HSC-containing samples are routinely processed over a density gradient centrifugation to pre-enrich mononuclear cells as starting material for subsequent HSC isolation. 

CD34 MicroBeads and related isolation kits allow positive selection of human HSCs and progenitor cells from various starting materials. CD34 is a well-established marker for these cells, and is also expressed on hemangioblasts, endothelial progenitor cells and mature endothelial cells. The CD34 MicroBead Kit UltraPure, human is especially formulated to handle debris-rich samples. Similarly, the CD133 MicroBead Kit – Hematopoietic Tissue, human enables positive selection of HSCs and progenitor cells, optimized for hematopoietic tissues.

The number of HSCs available in human samples is often insufficient for downstream applications. HSCs can be expanded in culture with HSC-relevant growth factors to obtain higher cell numbers or to elucidate mechanisms and signaling pathways driving self-renewal or differentiation. Early-acting cytokines – human stem cell factor (SCF), Flt3-Ligand, and thrombopoietin (TPO) – expand primitive HSCs, although current HSC culture systems allow only limited expansion and maintenance of primitive HSCs that are able to engraft and completely restore the entire blood system.

HSC-CFU assays are used to examine the proliferative and differentiation potential of HSCs in vitro. Cells are cultured in a semi-solid culture medium supplemented with growth factors that drive differentiation into the myeloid lineage, resulting in outgrowth of distinct colonies from a single cell.

An online tutorial describing how to set up and conduct an HSC-CFU assay, plus pitfalls to avoid, can be accessed in the Related documents panel to the right.

Miltenyi Biotec offers different formulations of StemMACS HSC-CFU Media, human, our standardized, semi-solid medium based on methylcellulose in IMDM, supplemented with FBS, BSA, and different growth factors. The StemMACS HSC-CFU media are designed to maximize growth and differentiation of progenitor cells and allow the clonal progeny of a single cell to grow in a distinct cluster or colony. They are produced under tightly controlled manufacturing conditions and use highly qualified raw materials to provide a consistent and optimally performing colony assay.

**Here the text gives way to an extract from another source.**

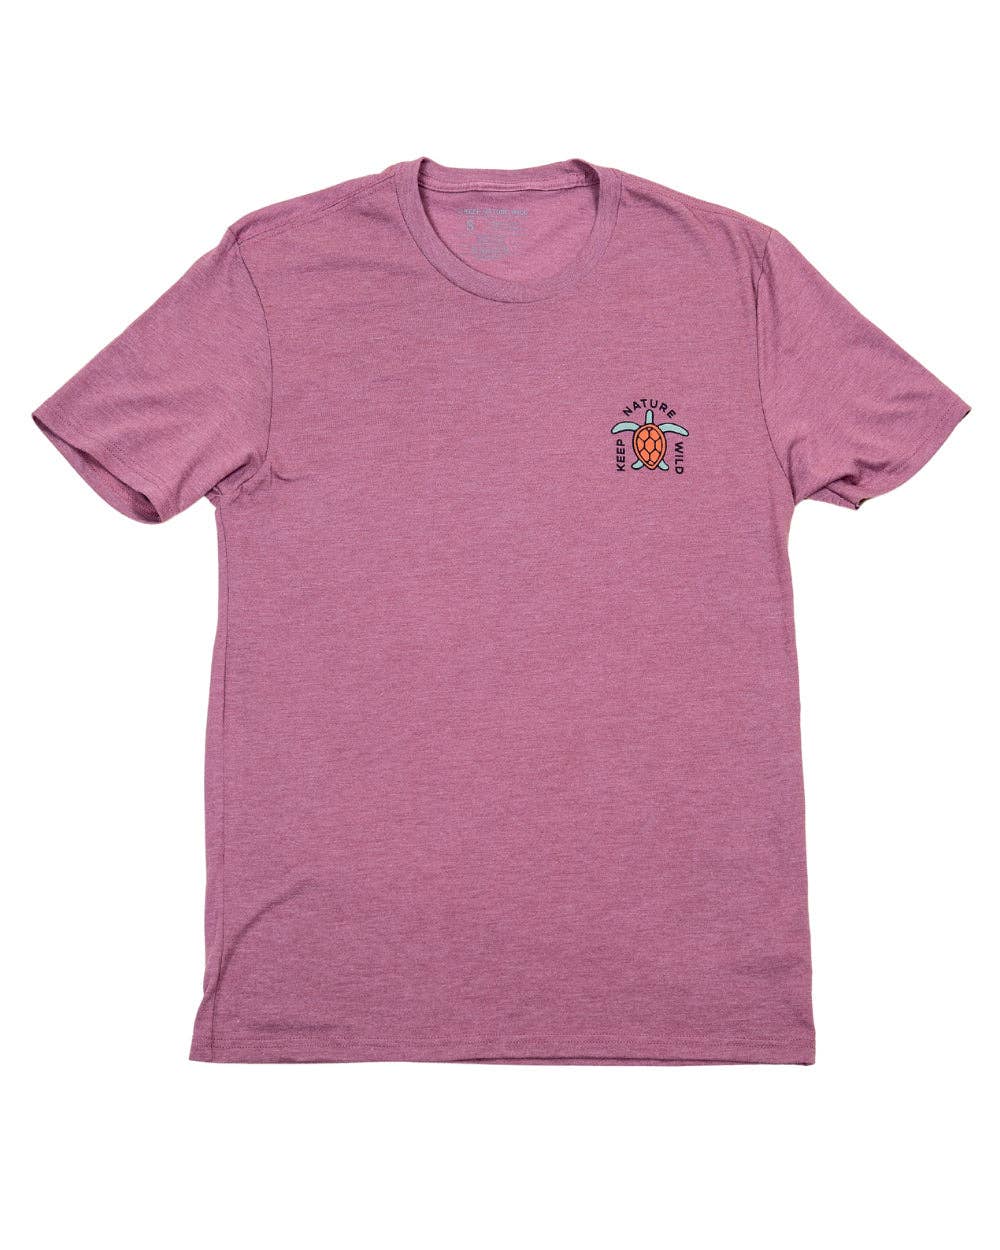 Ocean's are Calling Pink Turtle shirt by Keep Nature Wild

Viral transduction is a fast and efficient method to study gene function or modulate gene expression. It is also a potential approach for gene modification in the context of gene therapies. Transduction of HSCs is especially interesting because of the cells' potential to eliminate hematopoietic defects. The modification of HSCs with retroviral vectors often requires the presence of a transduction-enhancing reagent. Polycationic reagents induce aggregation of vector particles and facilitate binding of the vectors to target cells via electrostatic interaction. Bridging molecules, such as recombinant fibronectin, interact with both vector particles and cell membrane. Transduction performance can be enhanced by centrifugation.

Miltenyi Biotec offers the novel transduction enhancer Vectofusin-1®, a fully synthetic non-toxic cationic amphipathic peptide that supports high transduction levels with small amounts of retroviral vector. When added to culture medium, Vectofusin-1 promotes the entry of several retroviral pseudo-types into target cells.